*What to produce:*
Pictures are to be left out. Return exactly the lines below from the one with "Photo of Fresh" up to and including the one with "galaxy crafts recipes".

*The data:*
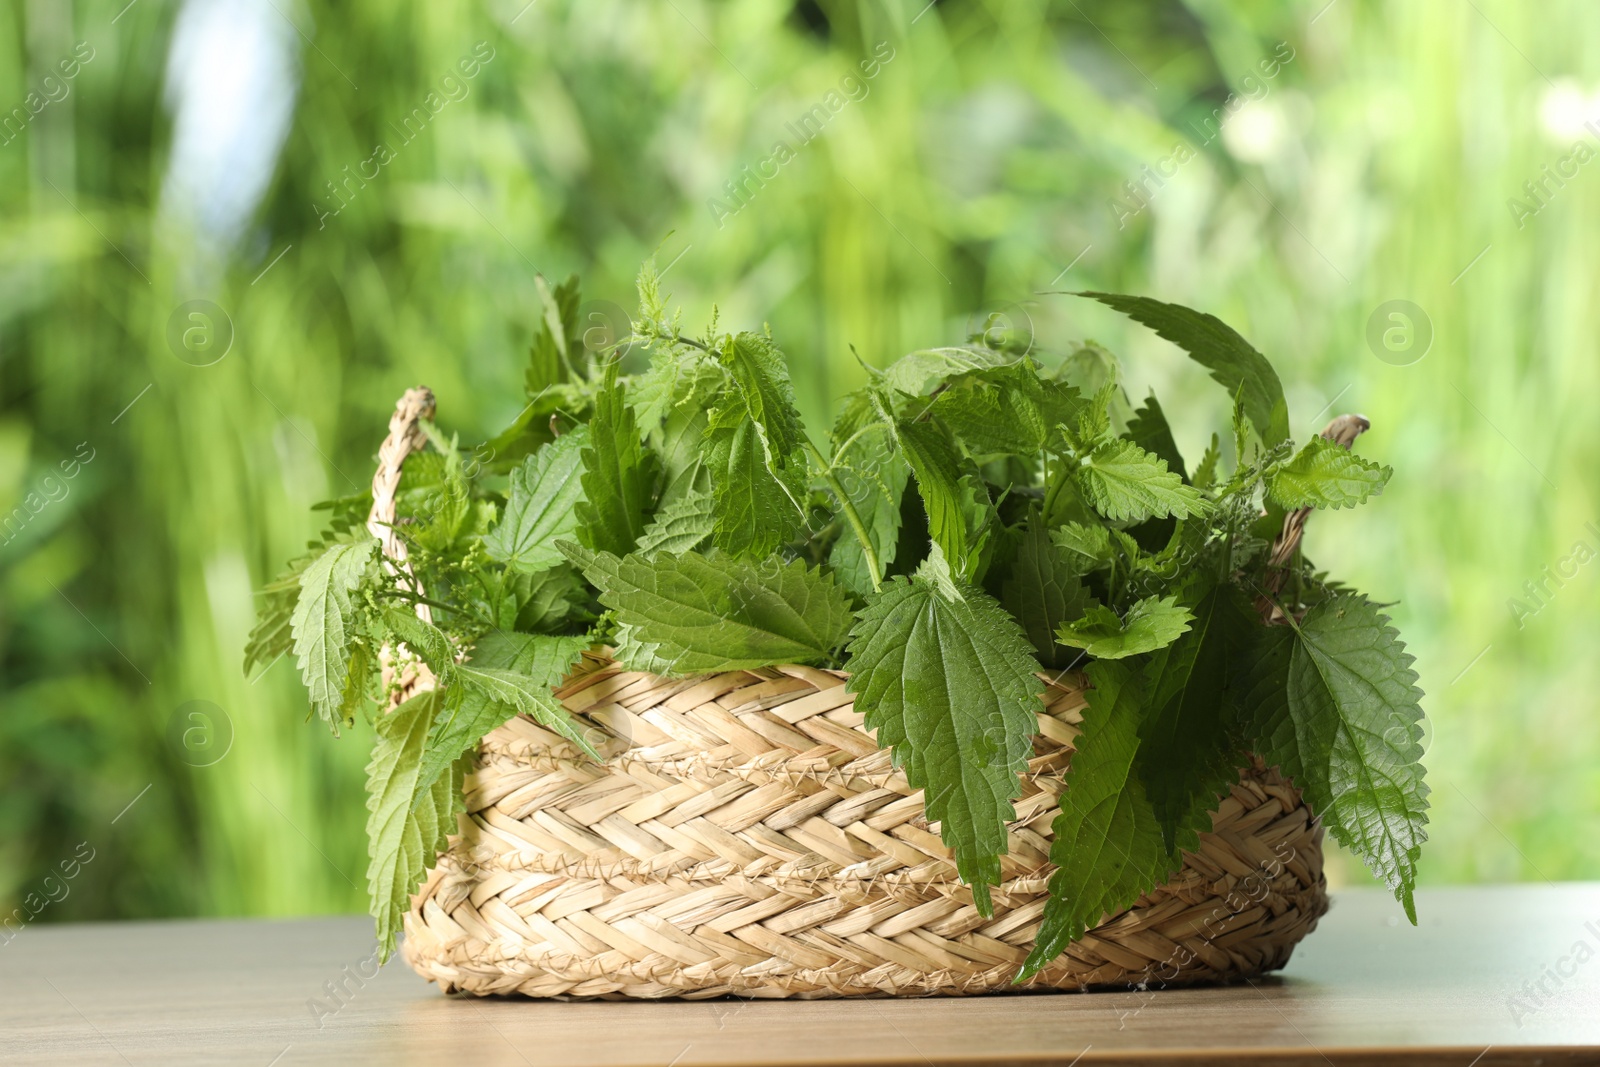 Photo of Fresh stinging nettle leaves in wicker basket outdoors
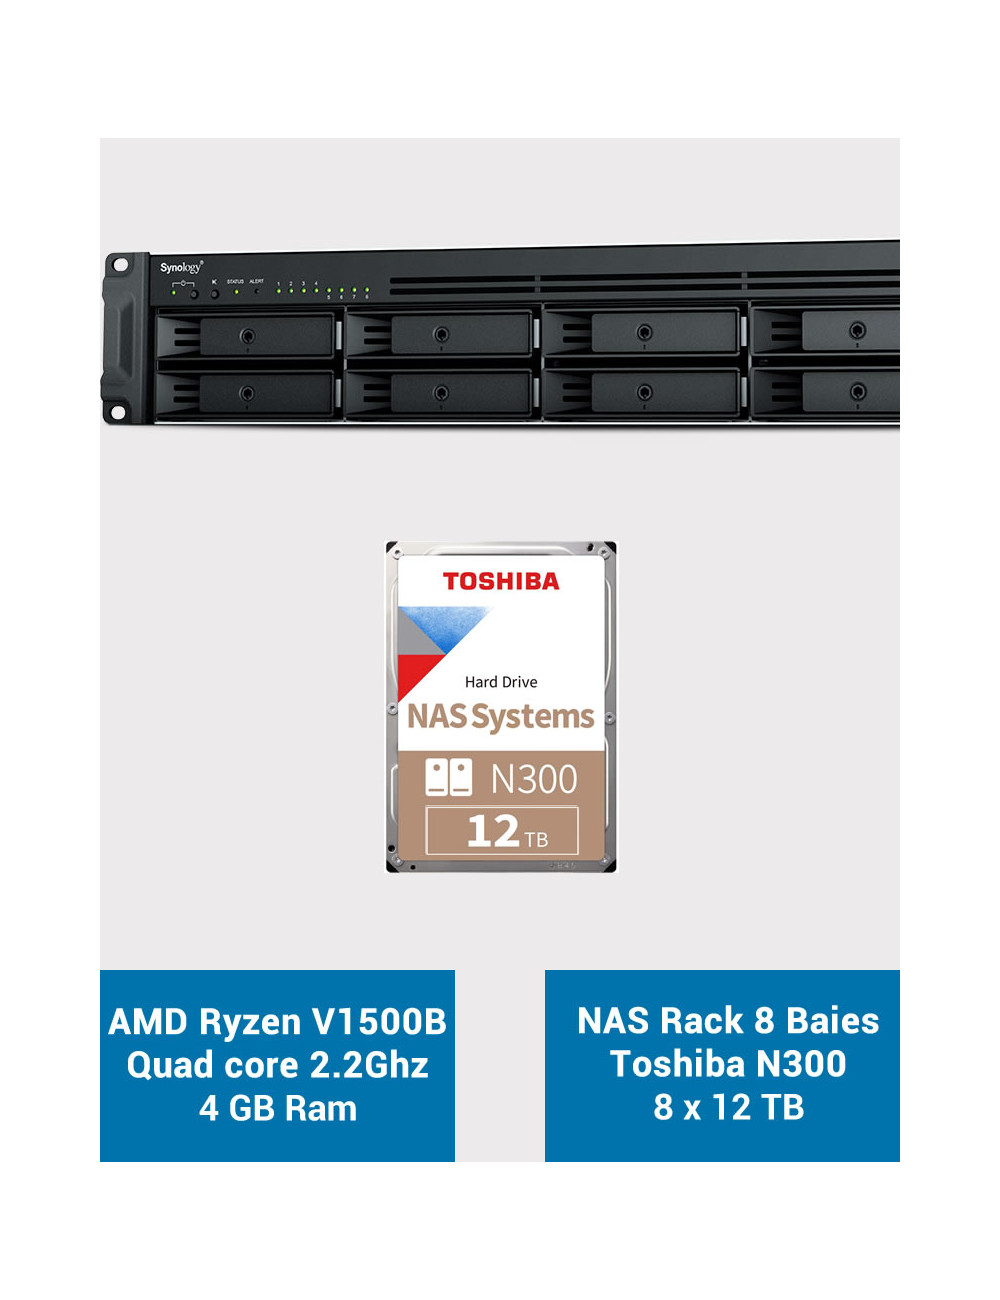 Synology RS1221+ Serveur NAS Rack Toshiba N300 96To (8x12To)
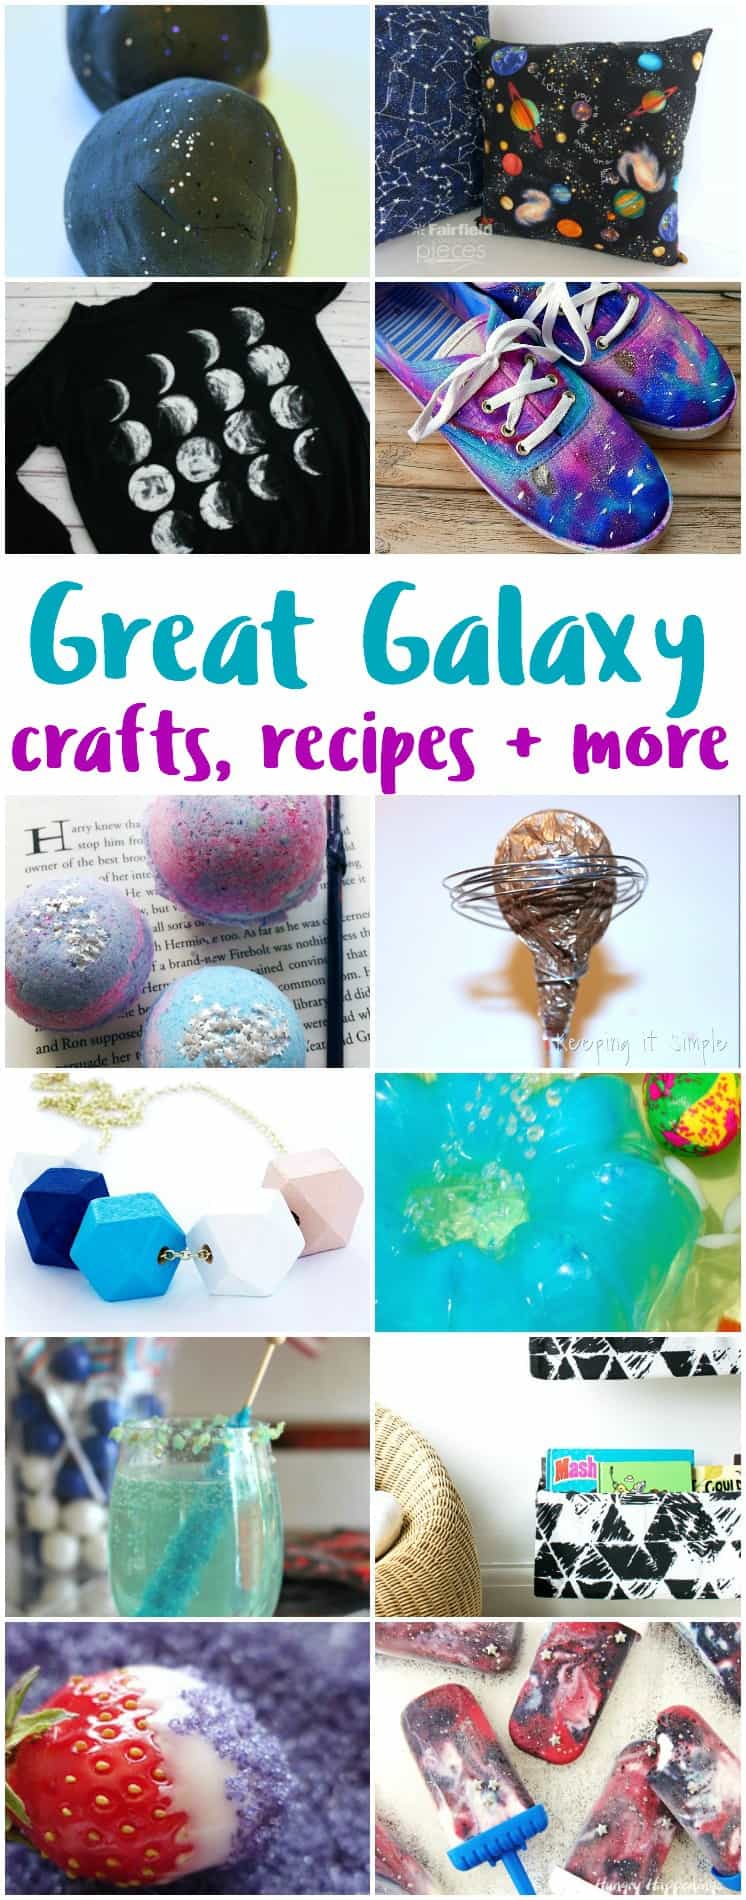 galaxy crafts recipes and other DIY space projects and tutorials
* * *
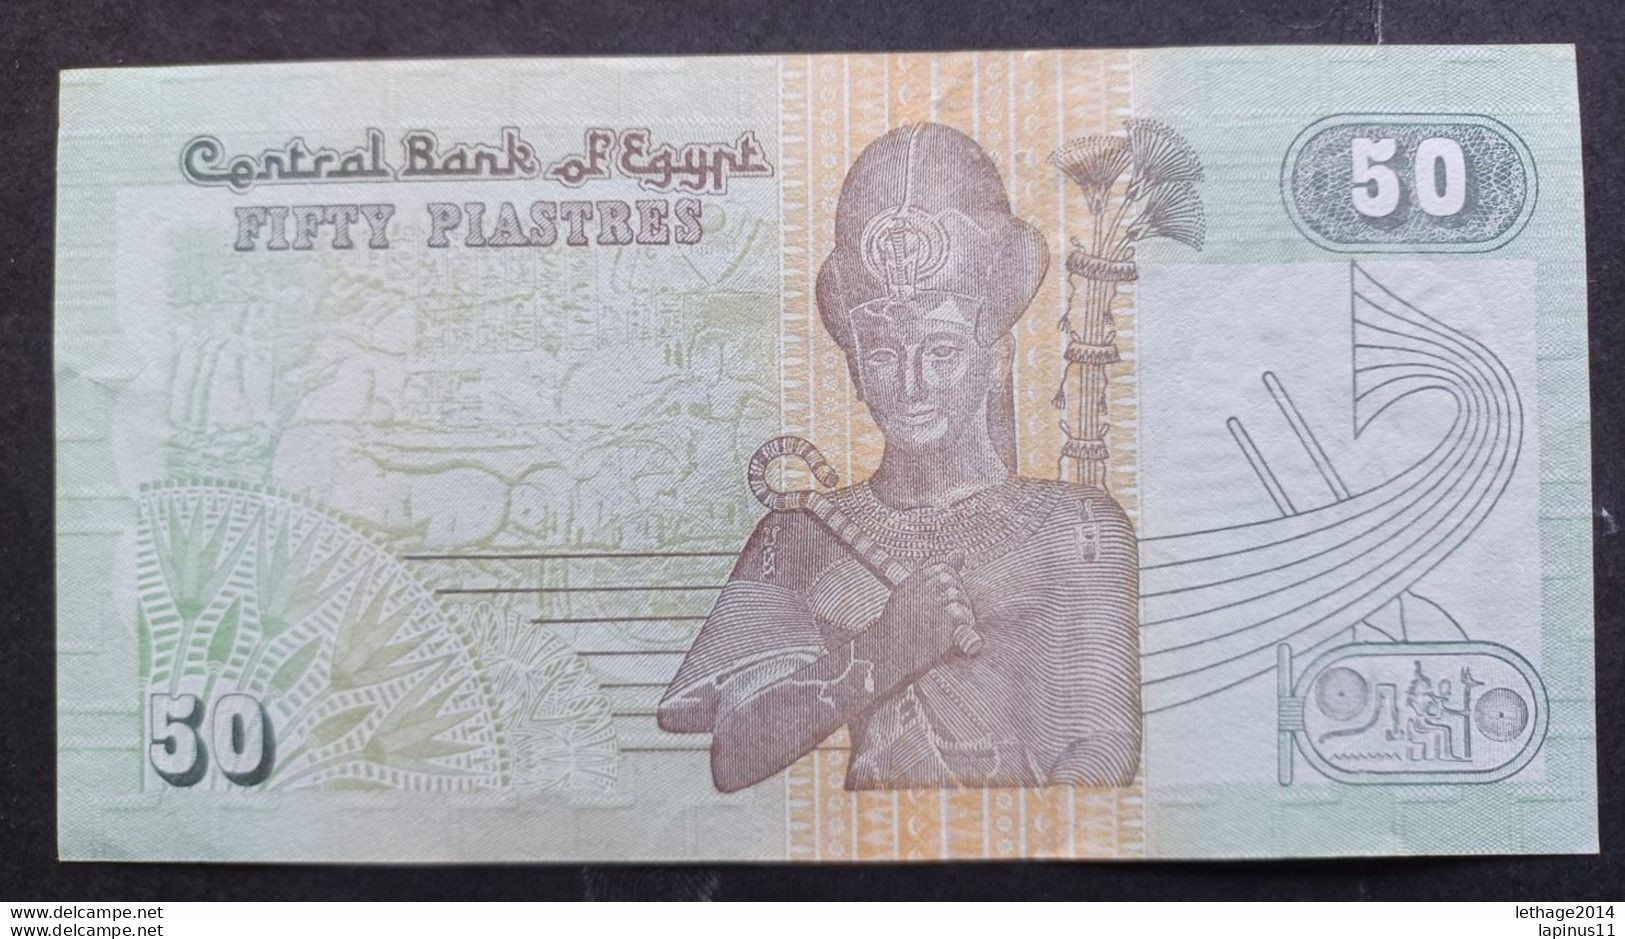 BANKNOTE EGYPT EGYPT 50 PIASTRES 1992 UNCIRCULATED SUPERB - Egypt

*Task response:*
 Photo of Fresh stinging nettle leaves in wicker basket outdoors
 Synology RS1221+ Serveur NAS Rack Toshiba N300 96To (8x12To)
 galaxy crafts recipes and other DIY space projects and tutorials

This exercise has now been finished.